== TASK TO CARRY OUT ==
The entire listing, reproduced exactly and stripped of images, is the expected output.

++++ SUPPLIED MATERIAL ++++

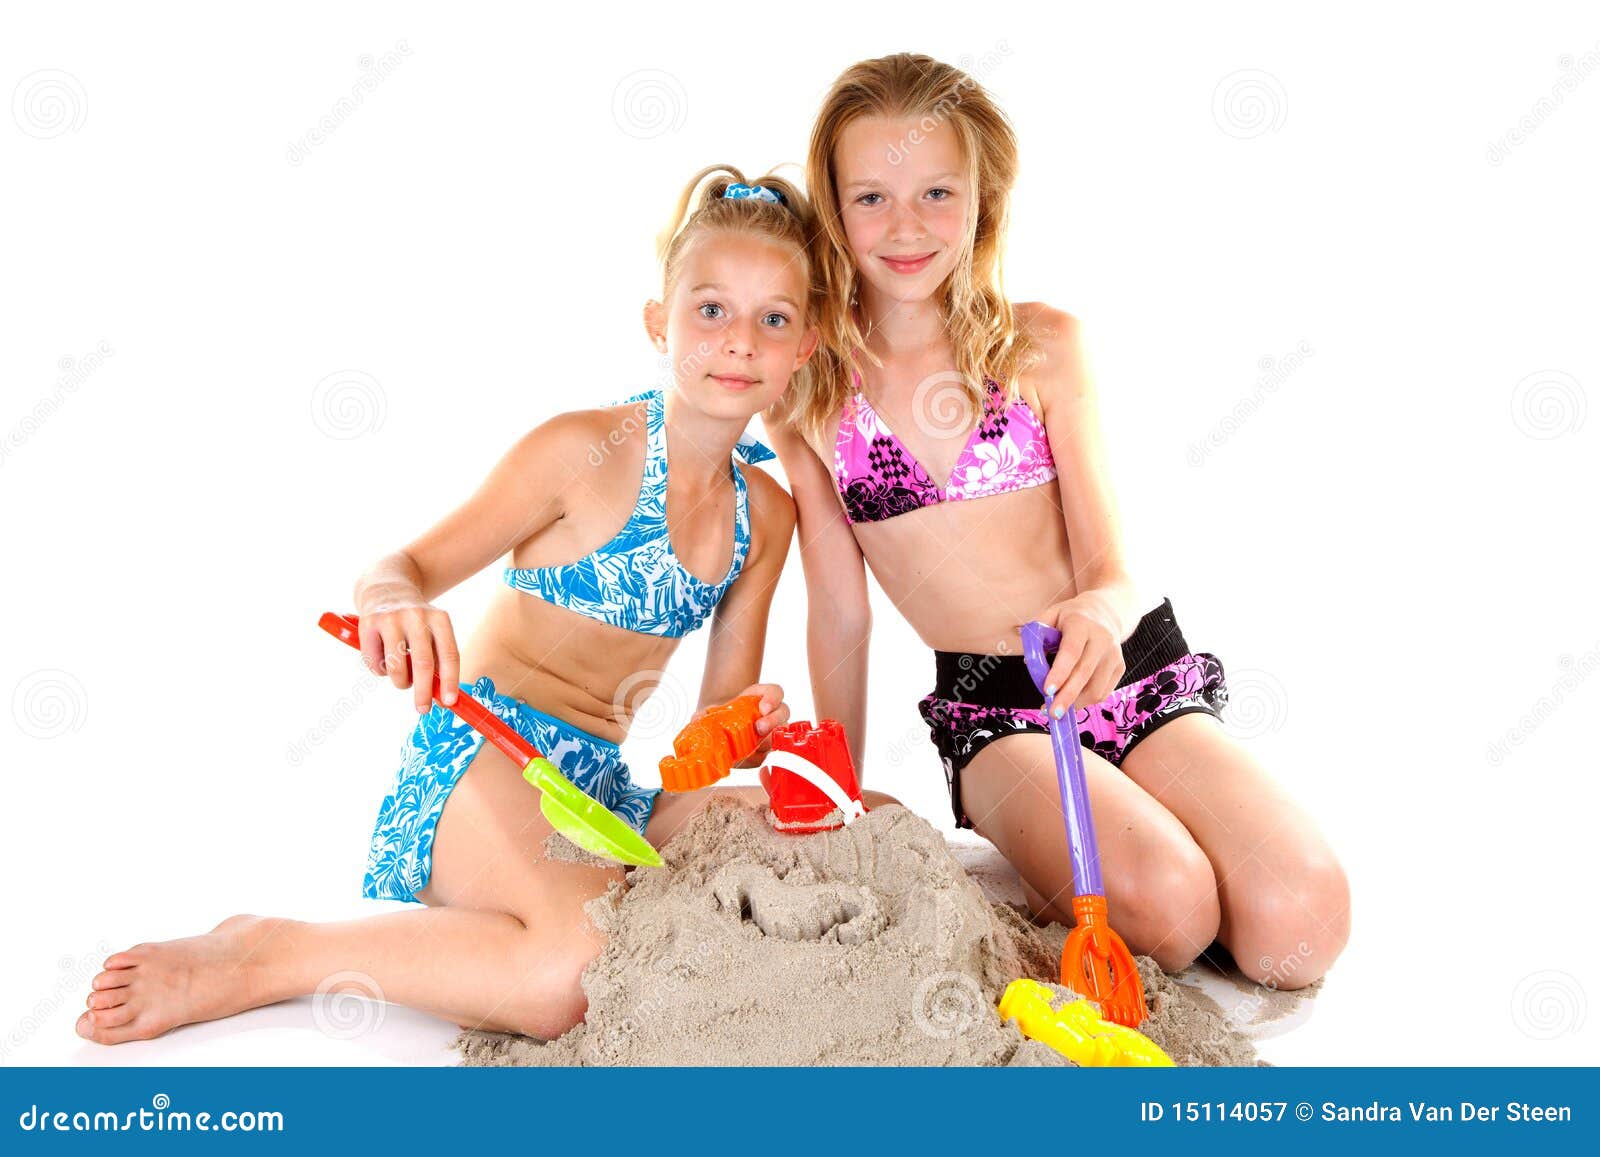 two young girls in beach wear
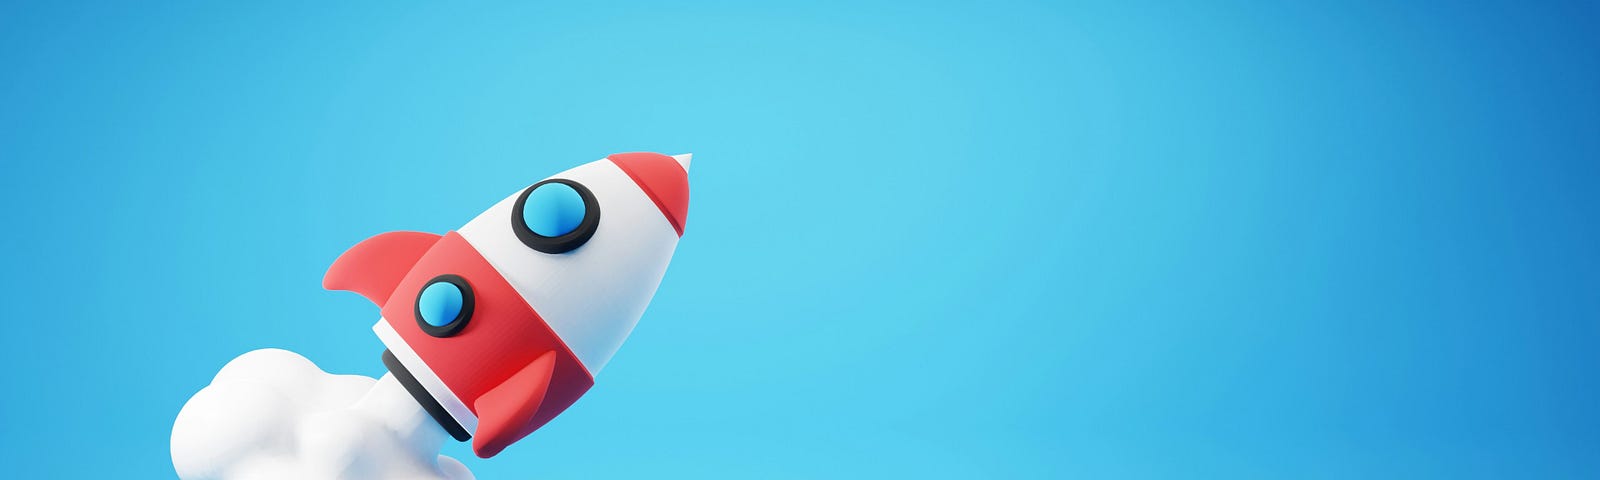 Silly toy rocket chosen for it’s boost potential.
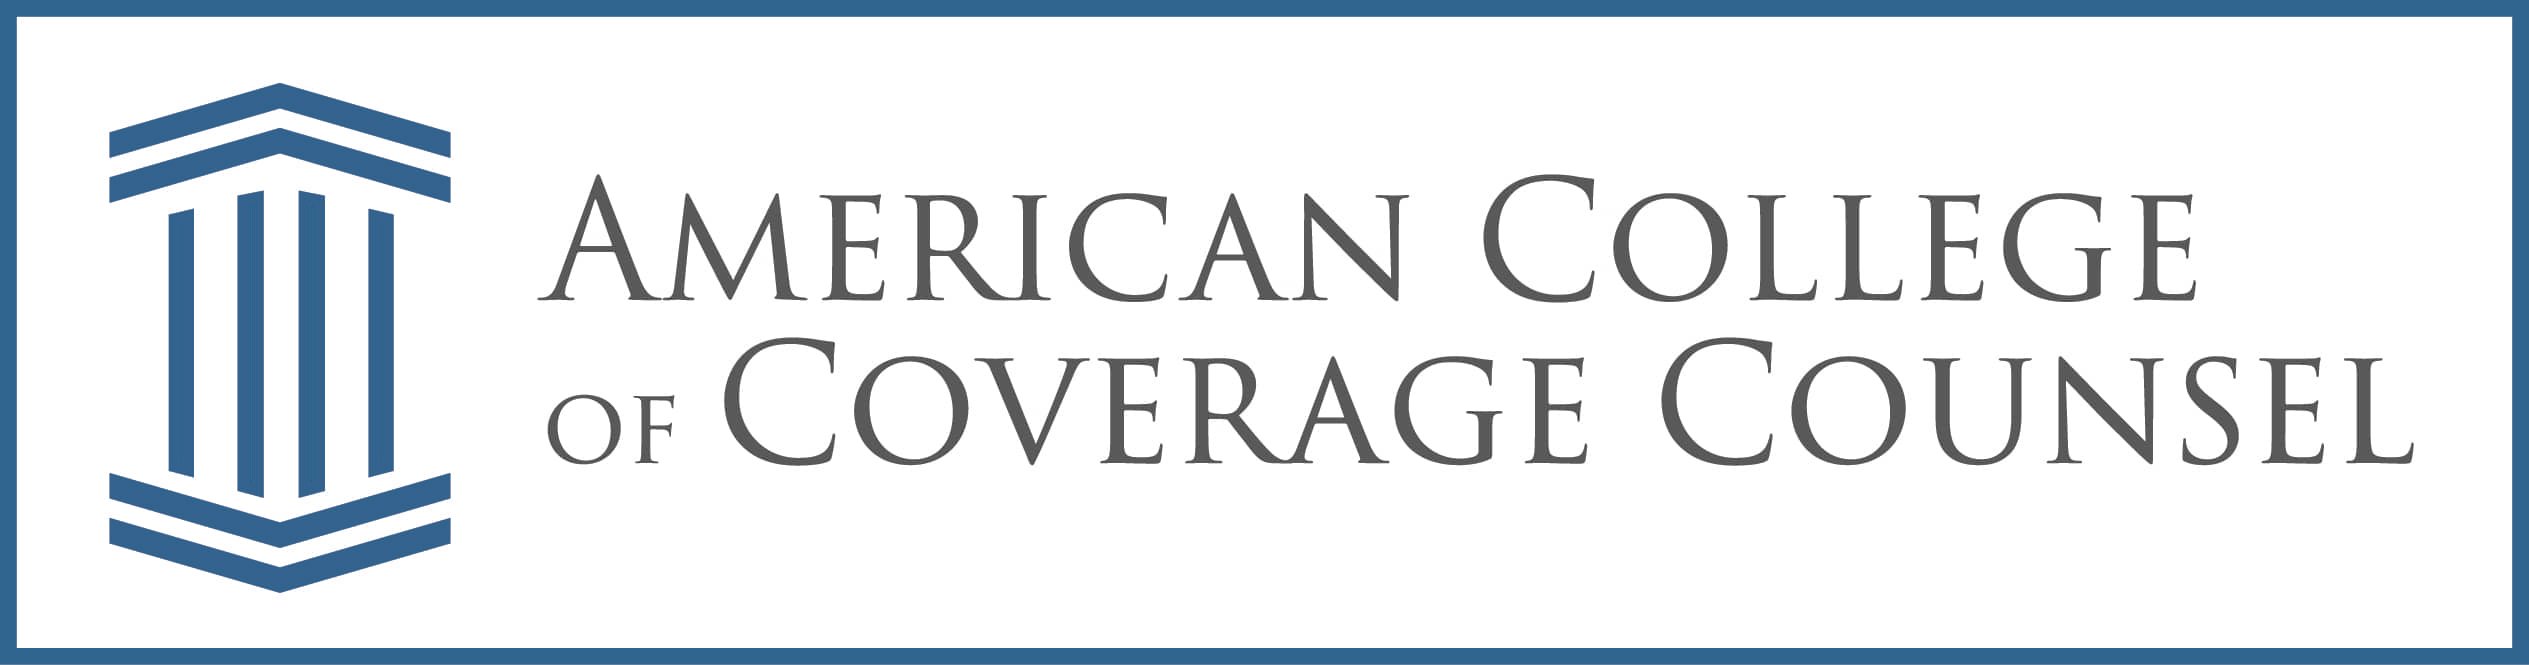 American College Of Coverage Counsel

++++

== WRITTEN ANSWER ==
 two young girls in beach wear
 Silly toy rocket chosen for it’s boost potential.
 American College Of Coverage Counsel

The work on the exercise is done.